Washington Mutual Inc sues US bank regulator for over $13 billion

Washington Mutual Inc., (WMI) the Seattle-based holding company of Washington Mutual Bank (WaMu) has sued the Federal Deposit Insurance Corp. (FDIC) for over $13 billion for seizing the bank and selling it off at an undervalued price.

Filing the lawsuit on Friday in the US District Court for the District of Columbia, WMI has accused the FDIC for seizing and selling its subsidiary to JPMorgan Chase for an undervalued price of around $1.9 billion last year. (See: Federal Reserve seizes WaMu; auctions it to JPMorgan for $1.9 billion)

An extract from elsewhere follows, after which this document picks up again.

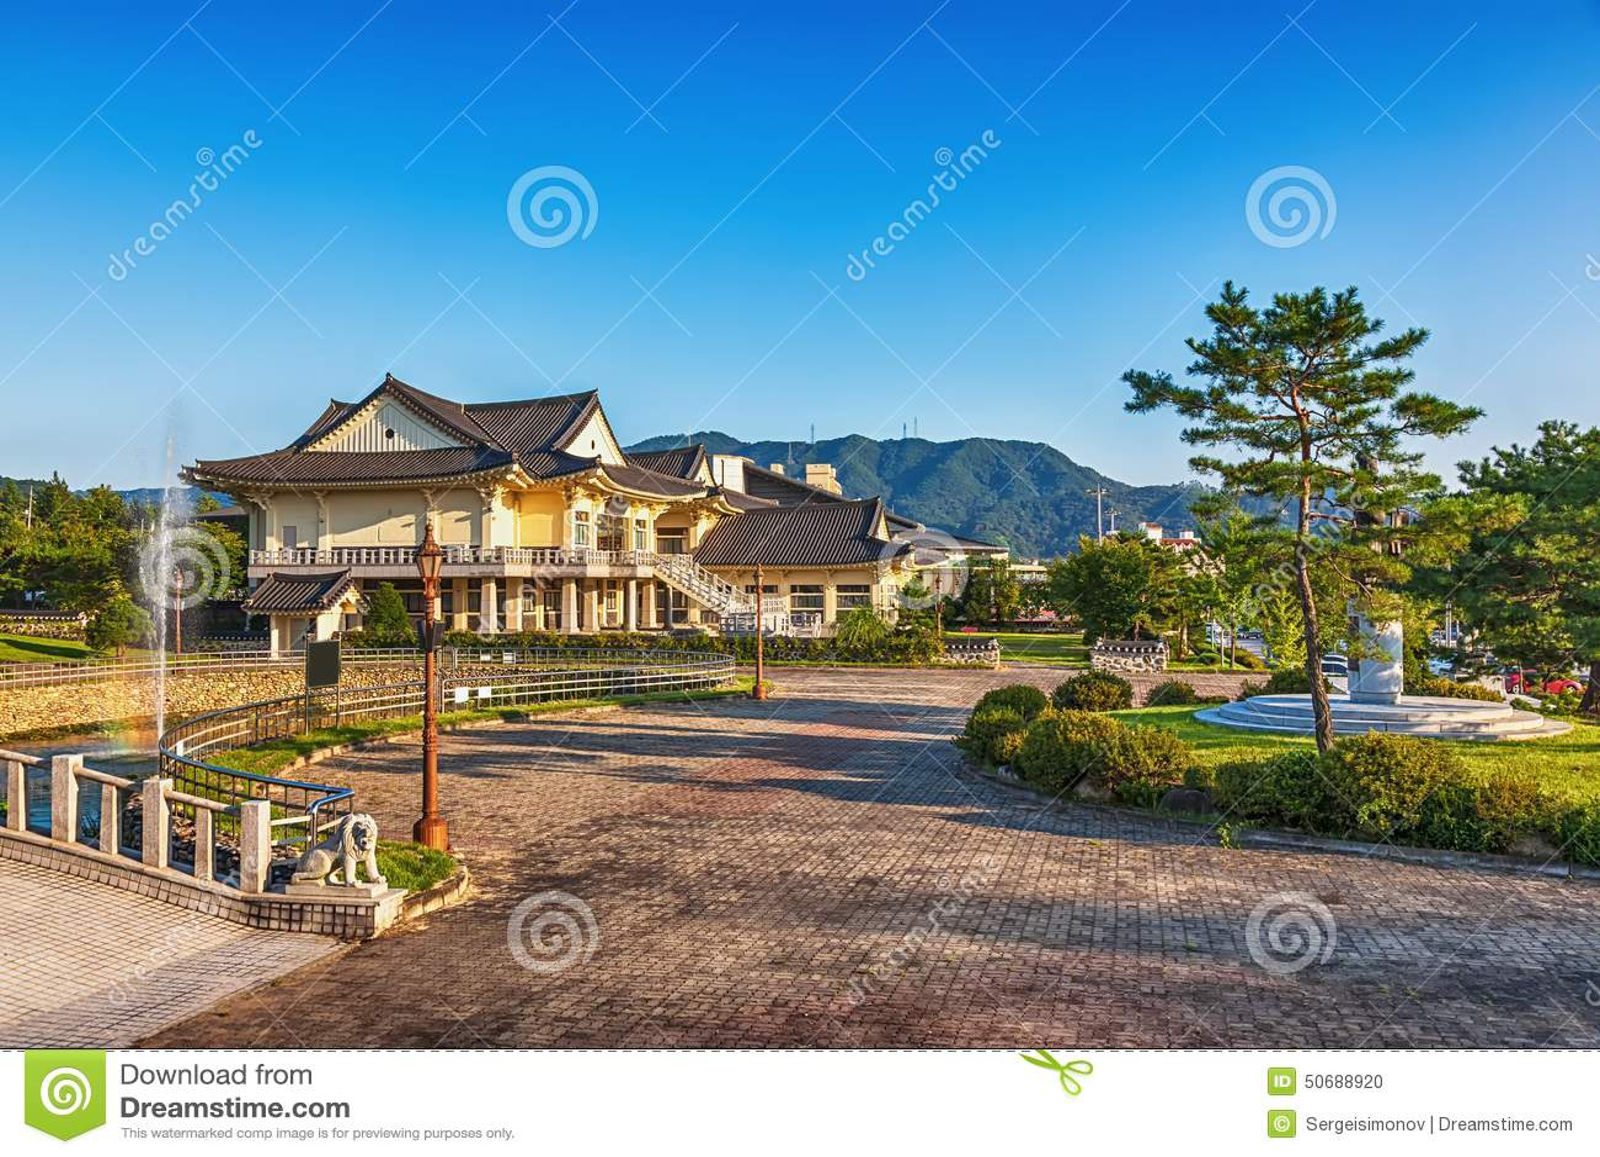 Download 传统建筑学老大厦或寺庙在韩国 库存照片. 图片 包括有 寺庙, 聚会所, 传统, 城市, 韩文, 布琼布拉 - 50688920

WMI states in its lawsuit that instead of seizing WaMu, had the assets ''been liquidated in a prudent and reasonable manner," the assets would have fetched a far better price, thereby getting more money to its creditors and itself, than the $1.9 billion paid by JPMorgan to the FDIC.

WMI is now seeking through its lawsuit, $6.5 billion of capital contributions that it supposed to have made to WaMu from December 2007 till it was seized by the FDIC in September 2008, $3 billion of tax refunds, $177.1 million damages related to unpaid loans made to the banking unit and $4 billion of trust preferred securities.

The suit also alleges that the FDIC or the Office of Thrift Supervision lured WMI to pump fresh capital into the bank "at a time when such agencies knew or should have known that (seizure of the bank) was imminent."

WMI's attorneys claim that prior to seeking redress from the court, WMI had submitted claims to the FDIC, which was replied by a "cryptic disallowance," although it is obliged by law to answer the claim and give reasons for the denial.